Flores azules, de Raymond Queneau (Seix Barral) Traducción de Manuel Serrat Crespo | por Juan Jiménez García

Louis-Ferdinand Céline | Guerra

Cidrolin sueña con un señor que está unos siglos atrás. Tumbado en su barcaza, ahí, en el río, sueña con un señor feudal que tiene un caballo que habla, que es duque, el duque d’Auge, que tiene pensamientos de duque medieval y un escudero, un escudero que también tiene un caballo que habla, y ahí van, de un sueño a otro, filosofando sobre el sentido de la vida, cuando la vida valía bien poco y uno se escandalizaba, sin razón, por unos cuantos niños merendados. Cidrolin, en sí mismo, no tiene mucho que contar. Lo único que le habla, es su hija, la tercera, que no tardará en irse con un tipo como otro cualquiera. Y entonces se tiene que buscar a alguien, alguien que le prepare algo de comer y limpie, y de paso salvar un alma del infierno, porque el infierno es algo que está en todas partes, no como él, que solo está en esa barcaza inmóvil. Aunque es cierto que tiene sus distracciones (campistas, vigilantes y gentes varias y raras, algún que otro fulano) e incluso preocupaciones, las invariables pintadas nocturnas en su valla que le reprochan asuntos superados del pasado y le hacen pintarla de blanco una y otra vez. Y lo dicho: duerme y sueña con ese duque, su escudero, su caballo parlanchín y otro más callado, a riesgo de acabar ardiendo en cualquier hoguera antibrujeril. El duque d’Auge, todo hay que decirlo, tiene un carácter imposible y una afición a hacer lo que le sale de las narices o algún que otro órgano.  Además, no se está quieto. Ni él, ni el tiempo. Porque, de un día para otro, va saltando y superando años y siglos, sin que le preocupe especialmente, porque la vida es igual en todas partes y en todo momento y uno evoluciona, pero no tanto, y en lo básico (y el duque d’Auge, como Cidrolin, son propensos a una vida campechana, con los justos y necesarios excesos), uno puede vivir en cualquier época si no se hace demasiadas preguntas, e incluso ser fiel a sí mismo. 

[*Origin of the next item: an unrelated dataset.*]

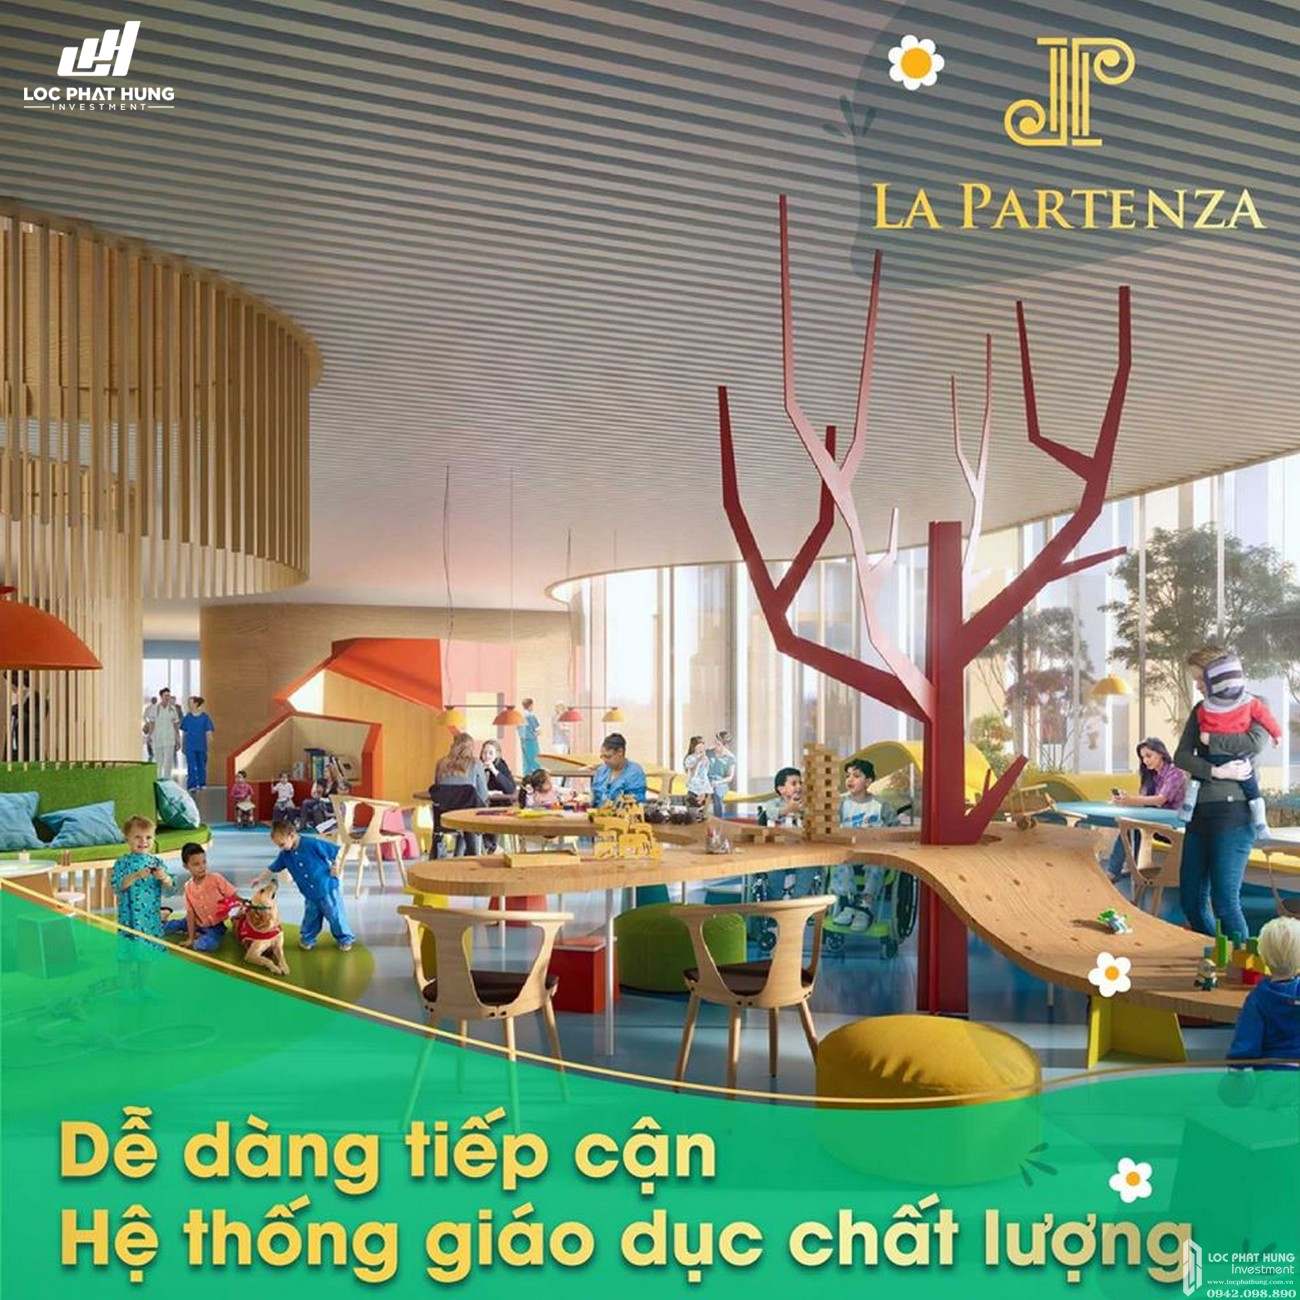 Đầu tư tương lai cho con trẻ tại La Partenza Nhà Bè

Recomencemos. Raymond Queneau es un escritor que sueña con un tipo que vive en una barcaza inmovilizada y que se llama Cidrolin. Ese Cidrolin sueña con un duque, el duque d’Auge, el duque d’Auge que tiene un caballo que… La escritura es el sueño de una cosa. De una palabrería que fluye, que abraza el mundo, que se añade capa a capa, y que capa a capa lo desmonta. Las palabras son la materia de la que estamos construidos, aquello que nos define. Escribir como se habla: así es la nueva tendencia en la literatura española. Peroquédemonios… Qué largo se está haciendo este siglo XXI. En Raymond Queneau el lenguaje es el fondo de la cuestión, aquello sobre la que se construye la novela. Ocultos, están, una y otra vez, pero no siempre, los andamiajes oulipanos. El gusto por el juego. El juego como interpretación de un mundo que necesita un lenguaje propio para poder ser, no entendido (¡qué pretencioso!), sino mostrado. La vida era así. ¿Y ahora qué? Esas flores azules crecen el terreno abonado de la narrativa de Queneau, un terreno trabajado durante toda una vida, desde Le chiendant (año 1933) hasta El vuelo de Ícaro (Flores azules, es su penúltima obra narrativa, año 1965). Treinta años de fulanos, palabras, lenguaje, humor, construcción, deconstrucción, juego, amor por las corrientes subterráneas y, también, por qué no decirlo, por una melancolía de metros perdidos, no vistos. Un mundo que se despide, que se aleja, que nos deja solos en una modernidad de digestión pesada. Porque Queneau amaba los puertos y las calles. Los barcos que vienen y van o ni vienen ni van, y los tipos que pueblan esas conexiones nerviosas de la gran ciudad. Y yo, que estoy aquí, años después y no recuerdo con qué sueño (pero es seguro que no con duques e igualmente seguro que más triste), amo las mismas cosas que él, por las mismas razones que él. Pienso que los inviernos son duros (ahora inexistentes) y aprecio la belleza de las flores de color azul. También creo que en la literatura como juego y como algo cercano a la felicidad. Como Zazie, envejezco. Y mientras tanto, sigo amando profundamente a Raymond Queneau y todos sus libros, leídos una y otra vez, nunca serán suficientes, pero si imprescindibles. Es decir, necesarios.